An 11-year-old Muslim schoolboy who told his class that he wanted to give charity to the needy was referred to controversial anti-terrorism programme Prevent after his teacher misheard the word ‘alms’ for ‘arms’.
A legal challenge lodged by the parents against the school states that his teacher had asked the class what they would do if they inherited a large sum of money.
The primary schoolboy, whose family have described him as ‘intelligent’ and ‘widely read’ and deeply interested in medieval history and the study of warfare, had responded that he would ‘give alms to the oppressed’.
It is understood that the teacher panicked when they misheard the word ‘alms’ and thought he had said ‘arms’, and referred the child to Prevent without obtaining consent before sharing his data to the anti-terror unit.
However, police shut the case down after determining there was no substance to it, no sign of radicalisation or extremism, or any threat to national security.
The parents are now taking legal action against the school and are demanding a written apology, damages and the expunging of the Prevent referral from the boy’s record ahead of him attending grammar school.
An 11-year-old schoolboy who told his class that he wanted to give charity to the needy was referred to anti-terrorism programme Prevent after his teacher reportedly misheard the word ‘alms’ for ‘arms’ (file image)
The parents also allege that the teacher who referred their son to Prevent breached the Equality Act 2010, claiming they applied stereotype about his racial and religious background.
The solicitor representing the boy’s parents said the case demonstrates how ‘dangerous’ the Prevent programme can be and called for the unit to be scrapped.
Attiq Malik, director of Liberty Law Solicitors, told MailOnline: ‘Yet again we see another example of a ‘fail’ by the Government’s Prevent Programme on vulnerable impressionable children, highlighting why the Programme is potentially harmful and needs to be scrapped as it simply does not work.
‘In the current economic climate, teachers are barely equipped properly to carry out their teaching duties, let alone the additional policing duties imposed on them by Prevent.
‘Criminal legislation and safeguarding policies have always existed to protect the public and the vulnerable members of our society. There is no need for a policy that is nothing less than the equivalent of using a sledgehammer to crack a nut and thus unnecessary.’
Mr Malik insists that the Prevent referral could still cause issues for the family, telling the Guardian: ‘Every time a Prevent referral is made, it generates a record with the Home Office and various other intelligence agencies.
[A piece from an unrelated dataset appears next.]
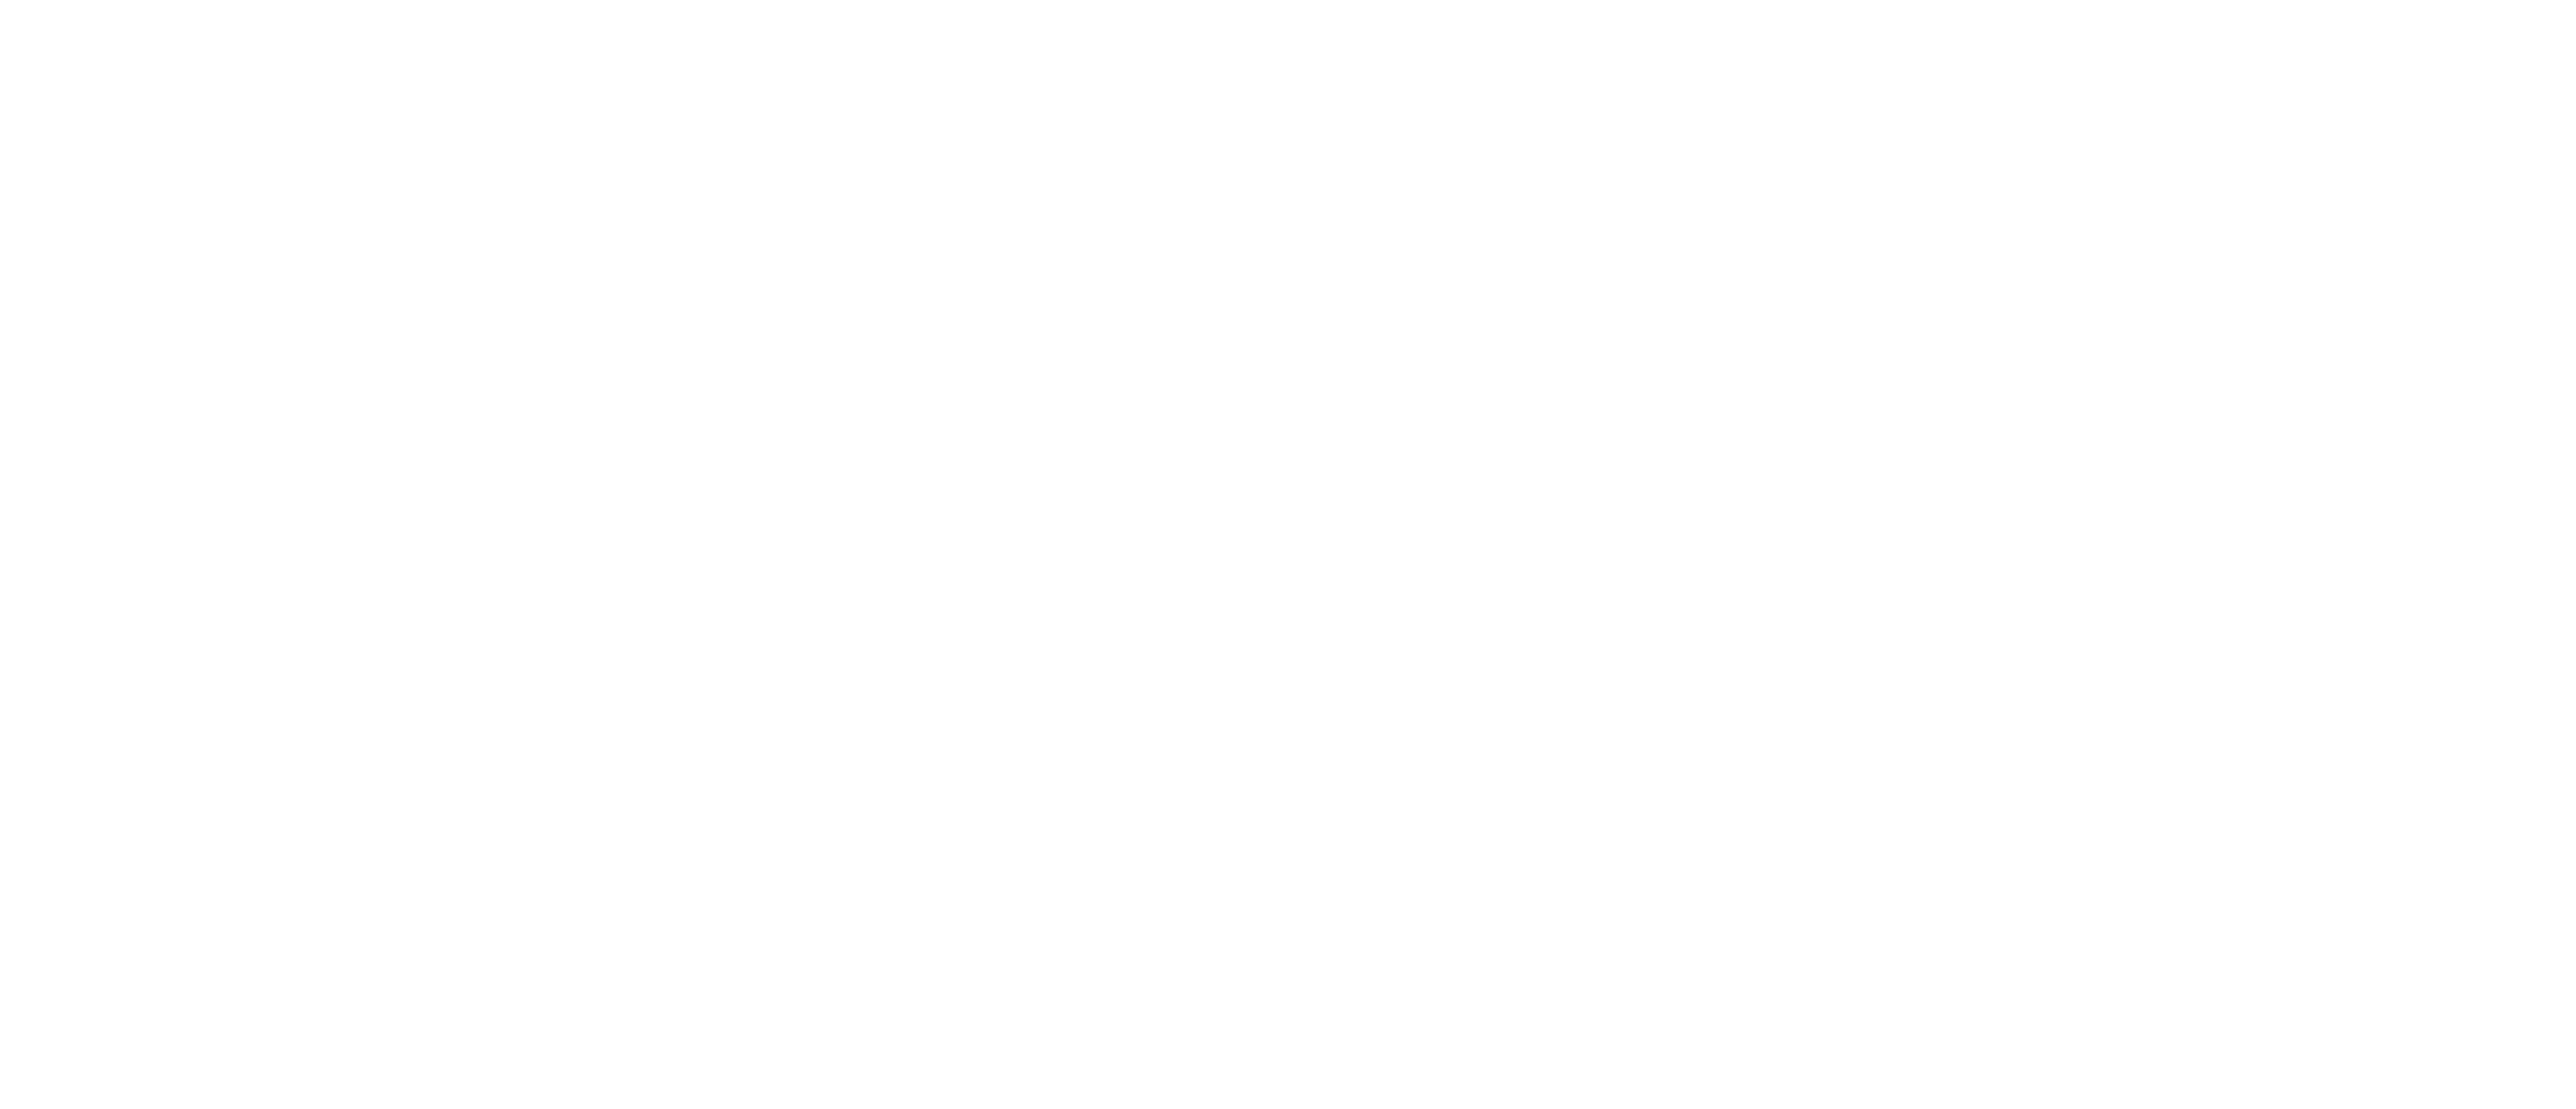 A2A - Life Company

‘And it’s very unfair that a child, who has done nothing wrong, is suddenly having data created about him which may not ever be deleted.’
The parents are now taking legal action against the school and are demanding a written apology, damages and the expunging of the Prevent referral from the boy’s record ahead of him attending grammar school (file image)
The boy’s father reportedly said it was ‘especially distressing’ that the school had not discussed the Prevent referral with the family before making it.
He said the referral is having ‘a massive impact on us as a family’ and said his wife ‘hasn’t slept properly since this happened’. He also called for justice and for pupils to be treated ‘equally and with integrity’.
In response to a question on the referral form about whether consent was obtained before sharing the boy’s personal data, the teacher who referred him reportedly wrote: ‘Work in school – have not contacted parents.’
Government guidance on Prevent states that consent from the person involved should be obtained wherever possible before sharing information about them.
It adds that the necessity and proportionality of a referral should be assessed taking into account the risk to the individual and to other members of the public.
The school called the child ‘highly intelligent’. The Prevent referral reportedly says his comments are ‘non-typical’ for a boy his age due to his interest in medieval history, war, siege engines and soldiers.
The headteacher of the boy’s primary school told the Guardian: ‘It would not be appropriate for me to comment publicly on individual children, but as a school, we do everything we can to keep all our pupils safe and well.
‘We have a moral and legal responsibility to seek specialist advice from many different professionals as required.’